This gets a little tricky, because I'm only describing Servarr/Torrents folder. Which get duplicated when moved. Therefore I try to select hardlinked folders in the movie folders of both Servarr/Torrents, which helps reduce the duplicated moves in a single move plan.

The other way I deal with mitigating running out of storage on the target caused by hardlink moves is to only move the movie or tv folder from both Servarr and Torrent folder.

  1. After the move operation, I run jdupes on the Servarr/movie folder and the Torrents/movie folder, and re-establish the hardlinks, and gain 50% of free strorage back.

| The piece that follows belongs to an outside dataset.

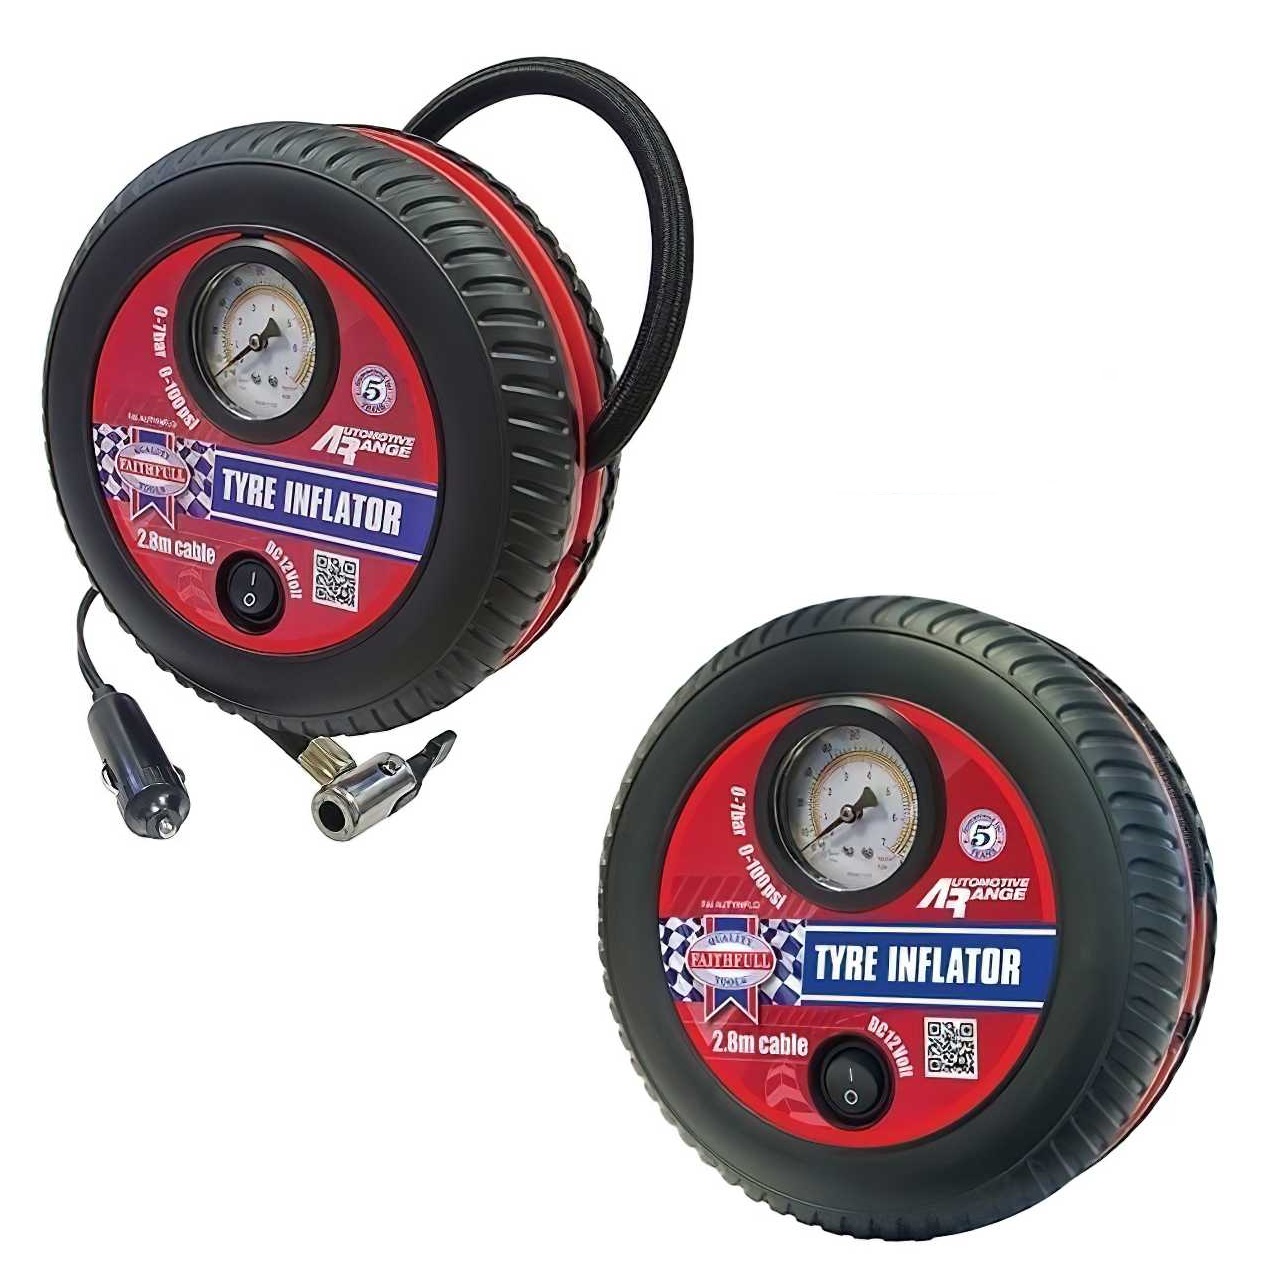 https://www.sealantsandtoolsdirect.co.uk/image/catalog/manufacturer-new/faithfull/automotive/tyre-inflator/faithfull-12-volt-car-tyre-inflator-faiautyinflo-tlg015-cy102.jpg

  2. Then I repeat the move plan, finding and selecting enough storage to transfer to the target, while verifying I didn't select too much storage to transfer, caused by duplicate hardlink moves, and running out of target storage.

After going through this manual process a few times, some other ideas came to mind that may make this faster, not simple, perhaps a programmatic script could do this better.

Ideas:

  1. As part of the Unbalance Plan, Unbalance can scan and determine all the hardlink files, and create a list of these hardlinks.
  2. Unbalance would only need to move ONE file. Unbalance won't need to move the other hardlinked files.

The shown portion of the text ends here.